Modeling of Complete Stress-Strain Curves and Time-Dependent Behaviors of Rocks under Uniaxial Tension

Kimihiro Hashiba, Katsunori Fukui, Minami Kataoka

pp. 747-753

Abstract

Tensile stresses likely occur in the rock masses around large or intricately shaped caverns. Hydraulic fracturing for oil, gas, or geothermal development requires a deep understanding of crack extensions under tensile stress. Computer simulation is helpful for the estimation of such deformation and failure of in-situ rocks and requires a mechanical model representing complex rock behaviors under tension. The authors’ research group previously proposed the variable-compliance-type (VC) model for rocks and examined the model under compression. In this study, the applicability of the VC model was investigated under uniaxial tension.

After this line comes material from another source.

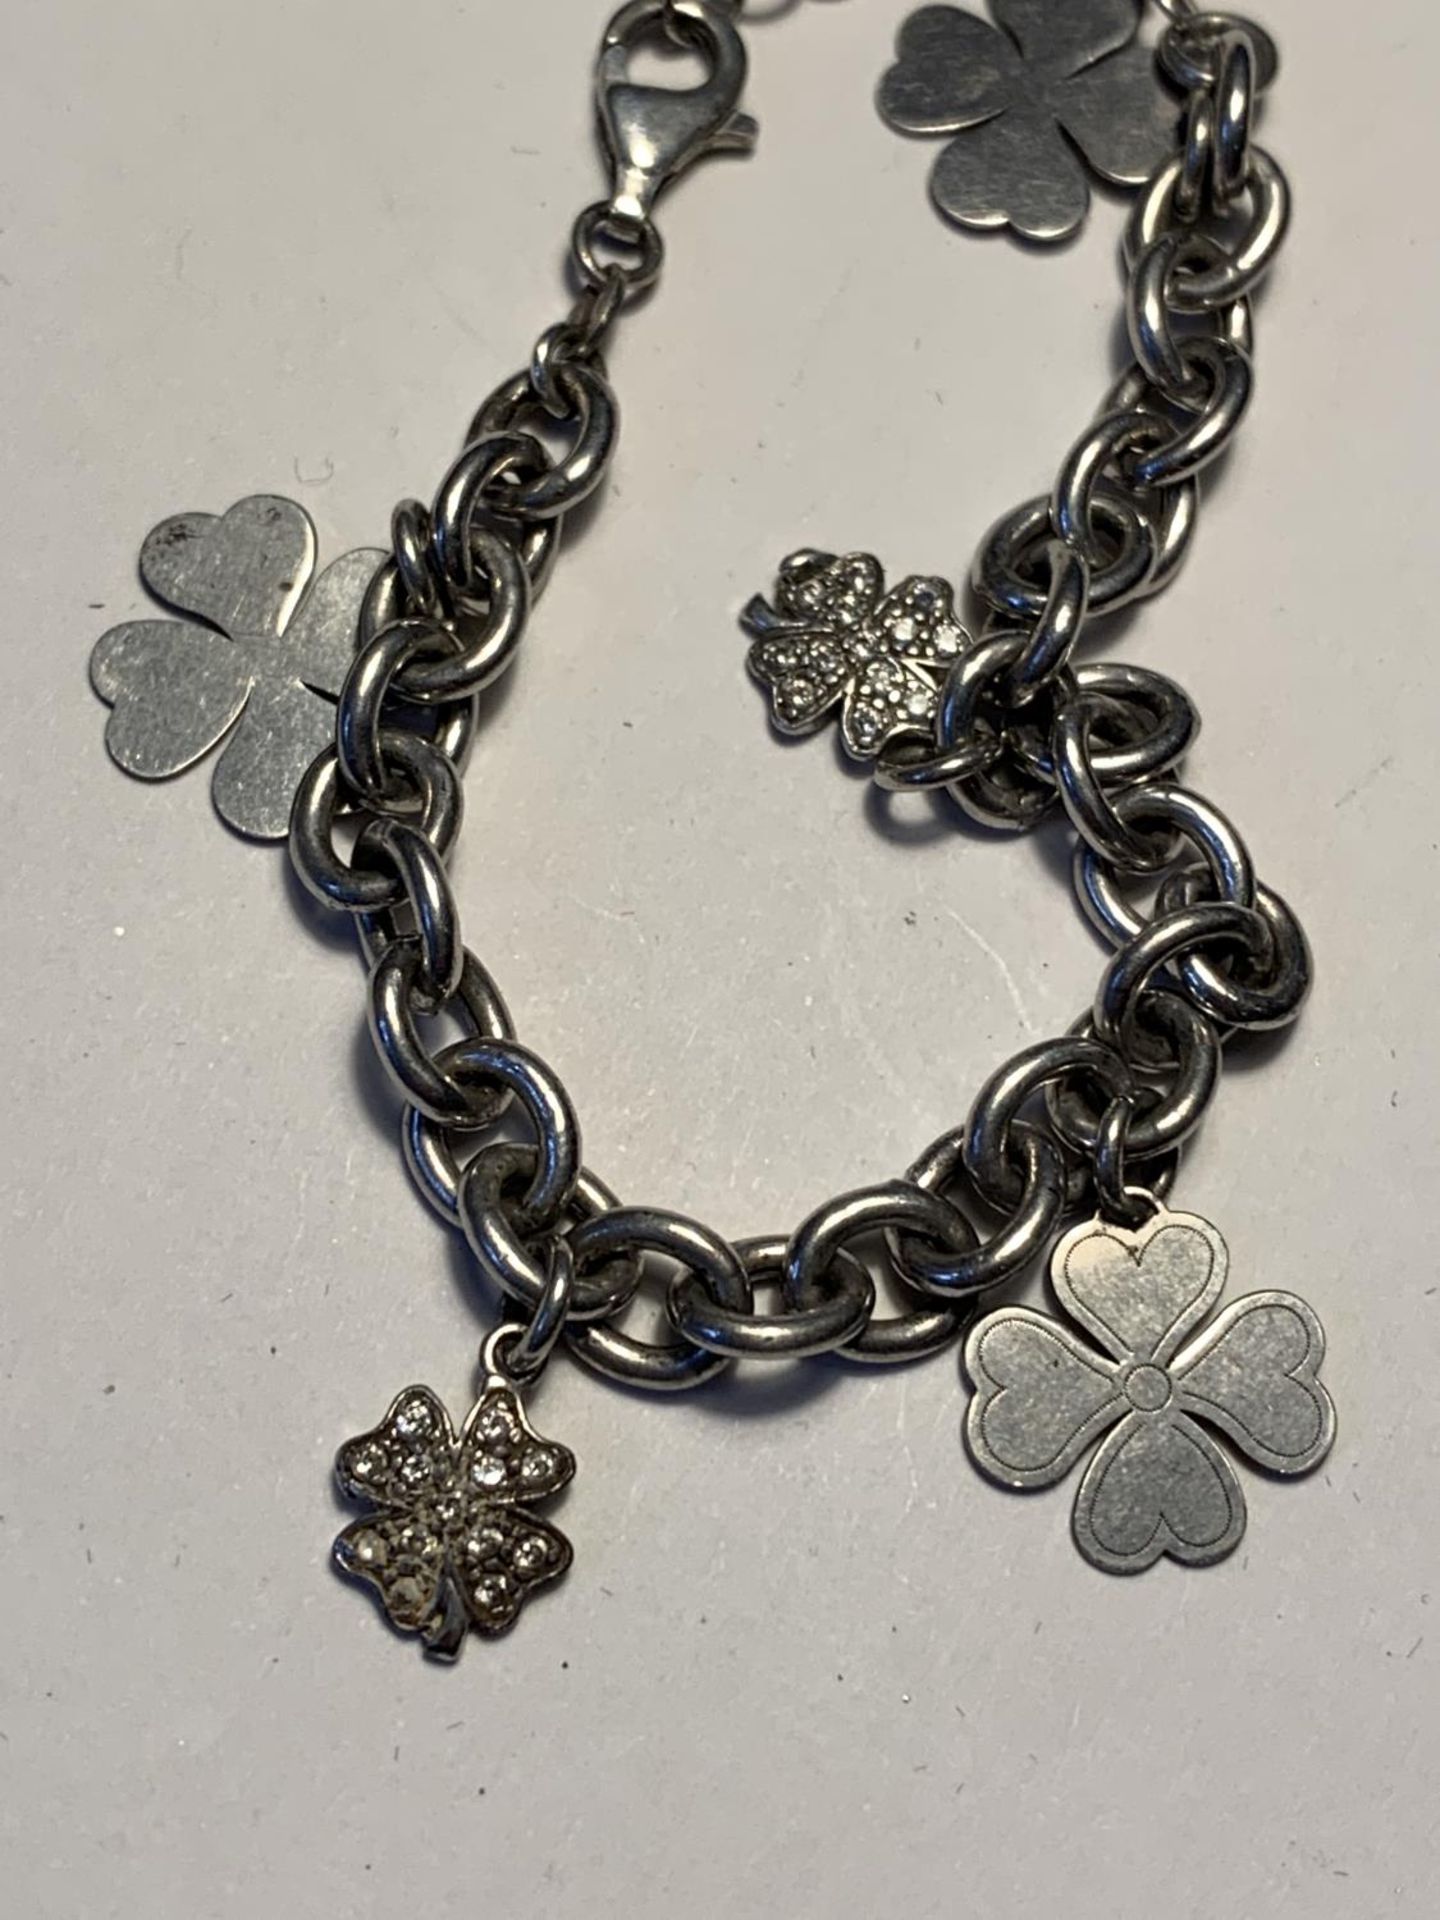 TWO SILVER BRACELETS WITH CHARMS - Image 2 of 3

The close relation between the VC model and the microscopic failure mechanisms of crack extensions under uniaxial tension was clarified using the linear elastic fracture mechanics and the damage mechanics. Based on the relation, the VC model was modified to reproduce the deformation and failure under uniaxial tension. Then the model was validated by comparing the simulated and experimental results of complete stress-strain curves in both dry and wet conditions, loading-rate dependence, and creep deformation of various rocks under uniaxial tension. In addition, the applicability of the model to numerical simulation programs and the future subjects were discussed.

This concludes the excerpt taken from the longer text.